Opinion: What gets lost in the 'Big Picture'
Martha Gellhorn, the great war correspondent, once wrote in the British literary journal Granta:
"In war, I never knew anything beyond what I could see and hear.
"The Big Picture always exists," she said, "and I seem to have spent my life observing how desperately the Big Picture affects the little people who did not devise it and have no control over it."
News organizations will report the Big Picture, of strategies, analysis, and political calculations, as we cover the world's conflicts in Israeland Gaza, Ukraine, Sudan, Yemen and elsewhere. Armchair generals and studio polemicists will propound different points of view. But soldiers who fight those wars, and civilians who try to struggle through them, are trying only to survive.
Wilfred Owen, the great British poet, and Erich Maria Remarque, the German novelist, may have been in opposing trenches during World War I. But when Owen writes in his poem, The Last Laugh-
The Bullets chirped—in vain, vain, vain!
Machine guns chuckled-Tut-tut!
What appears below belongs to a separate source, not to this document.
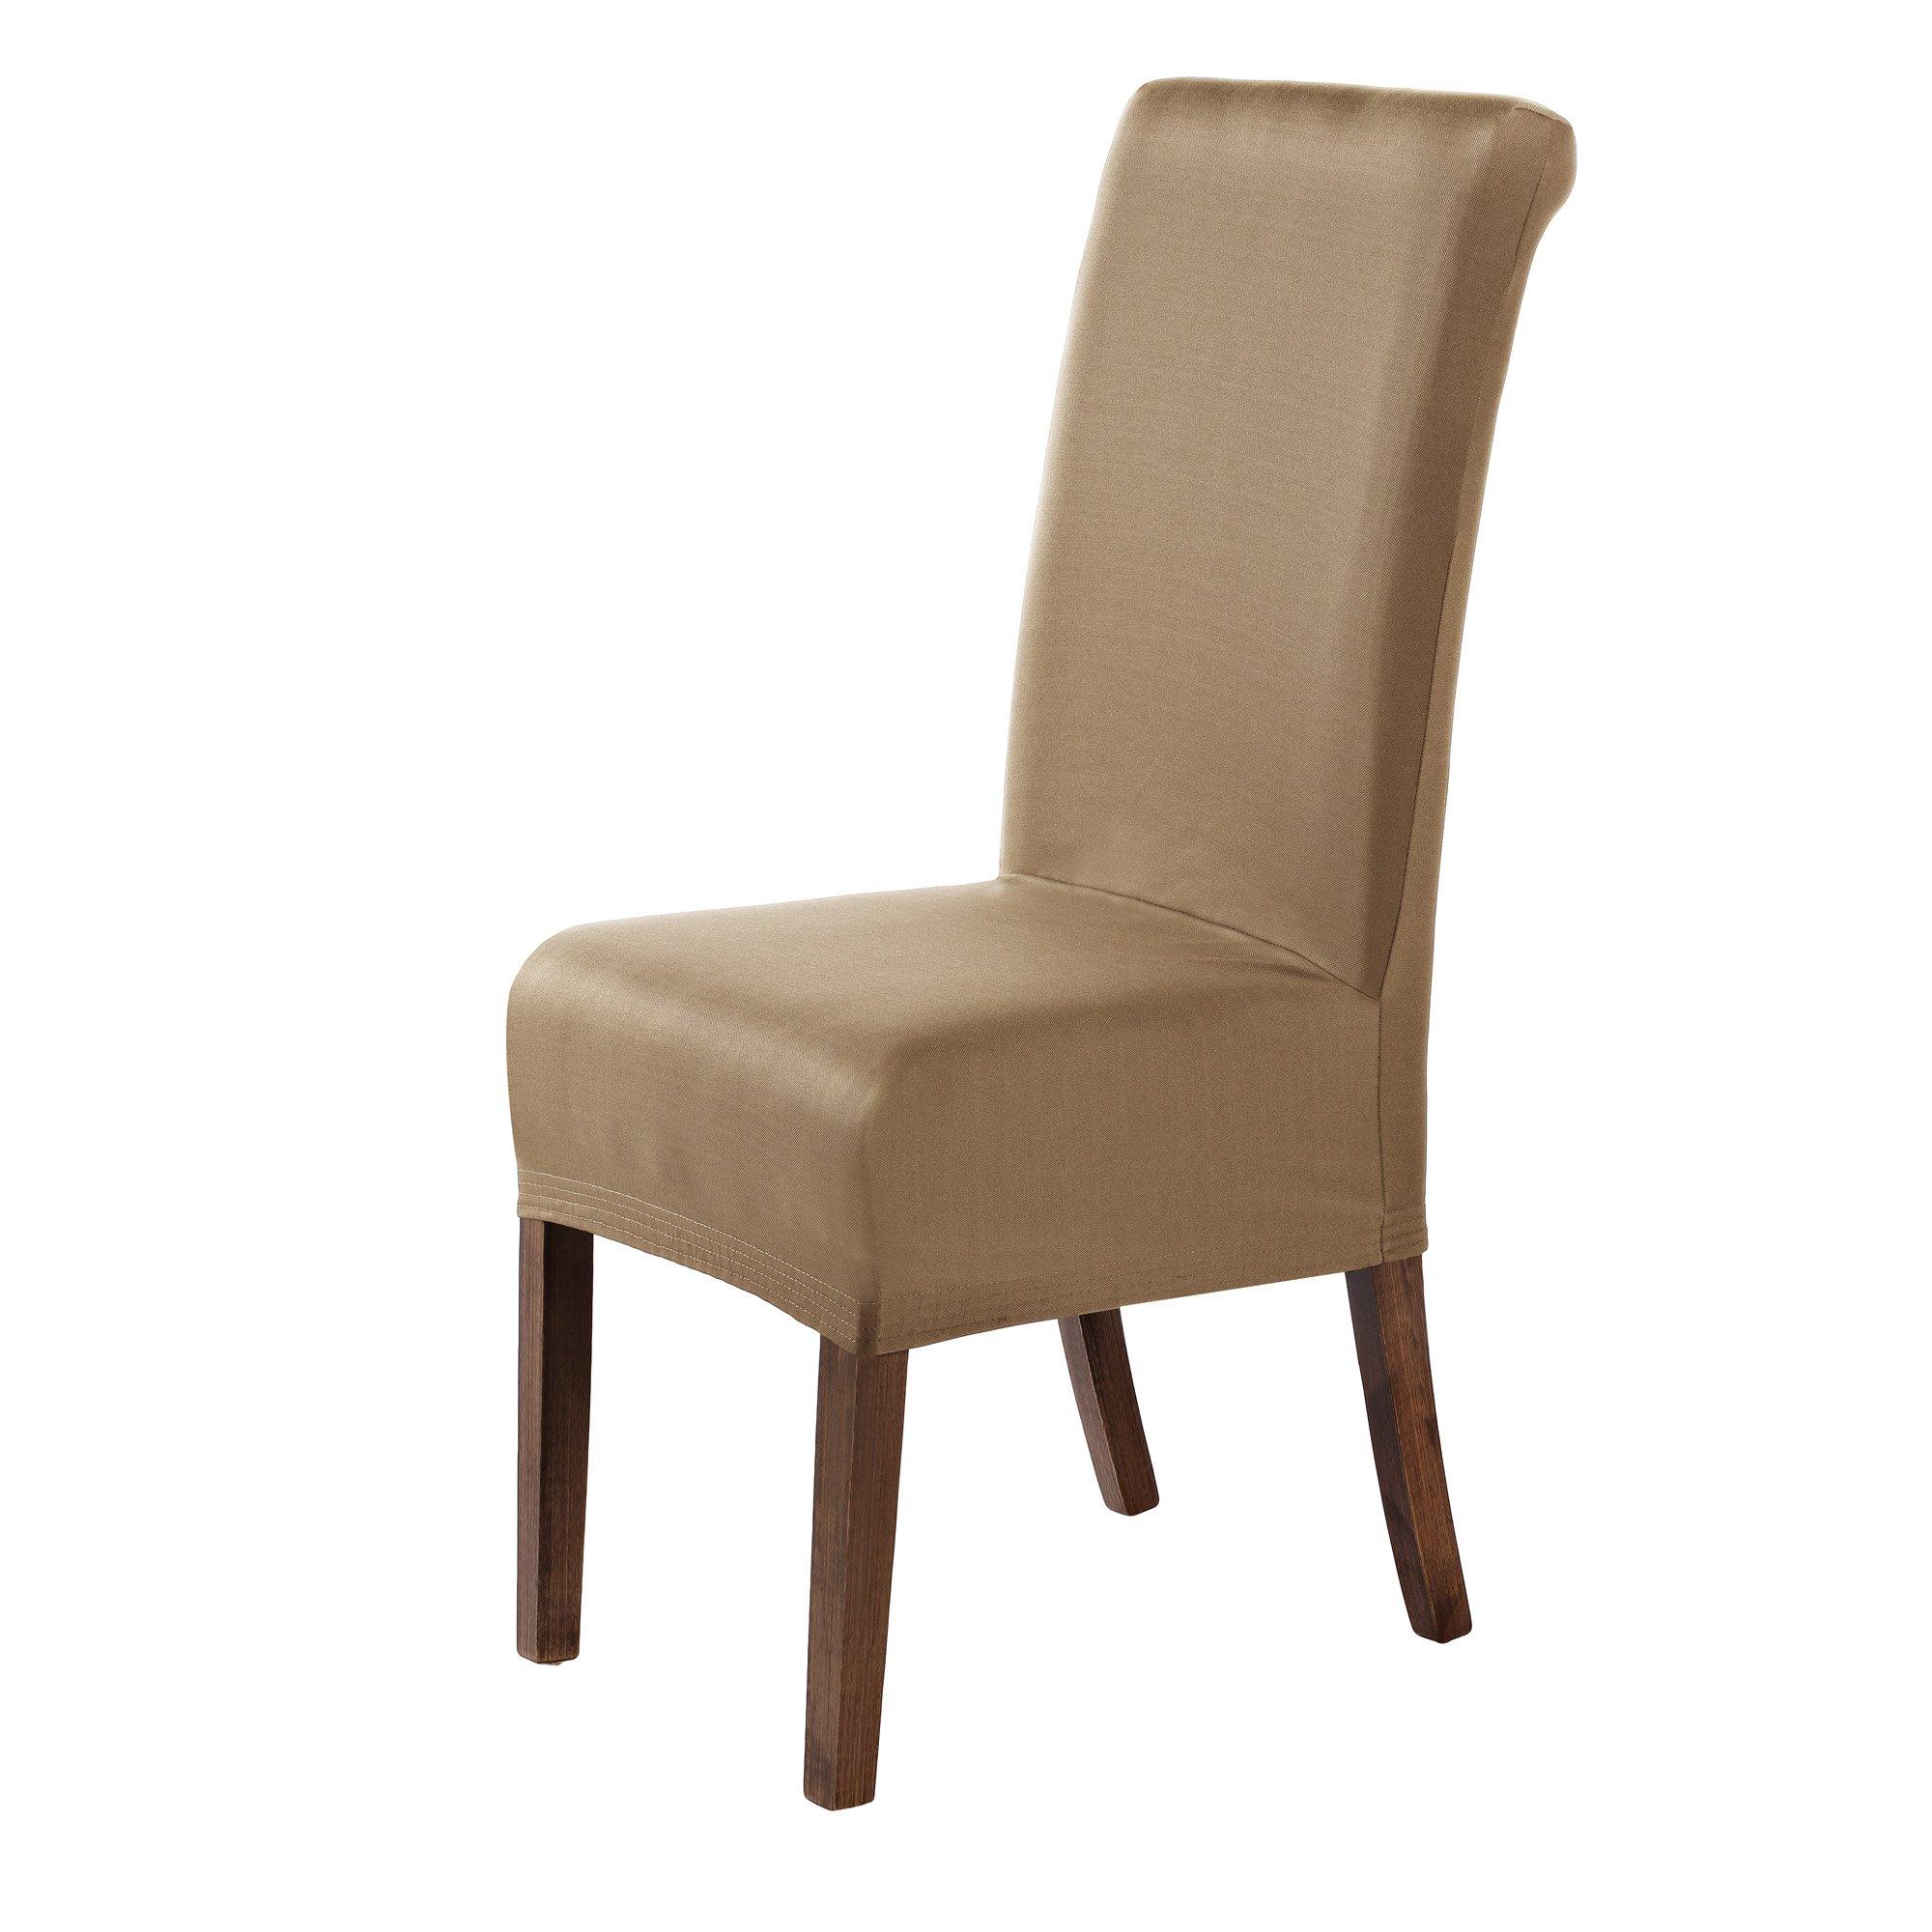 Cosyvie Set 4 Stk. Spandex Bezüge Decken Stuhl Ausziehbar Und Waschbar Für  Schutz Stuhl Esszimmer, Weiß Weiß

Tut-tut!
And when Remarque writes in All Quiet on the Western Front, "Inside the gas mask, my head booms and roars—it is nigh bursting."
-you can hear a common language, regardless of their different uniforms.
I've also been reminded of a dispatch by William Walton for LIFE Magazine in November 1944. He described the long, ragged lines of German civilians trudging along battered roads as the Allies bombed Germany into submission.
"Every building was damaged or destroyed," Walton wrote. "Not a window remained. The air was full of tiny cinders that were grit in your eyes and bitter on your tongue.
"None of the politicians and generals and strutting youths were in that procession," he went on. "It was only the very old, the very young and helpless, moving past their ruined homes through the blasted streets...."
We watch from afar as hard decisions are made in the councils of power. But we may need to look closer to see how the commands they give resound in the real lives of people on both sides of the battle lines.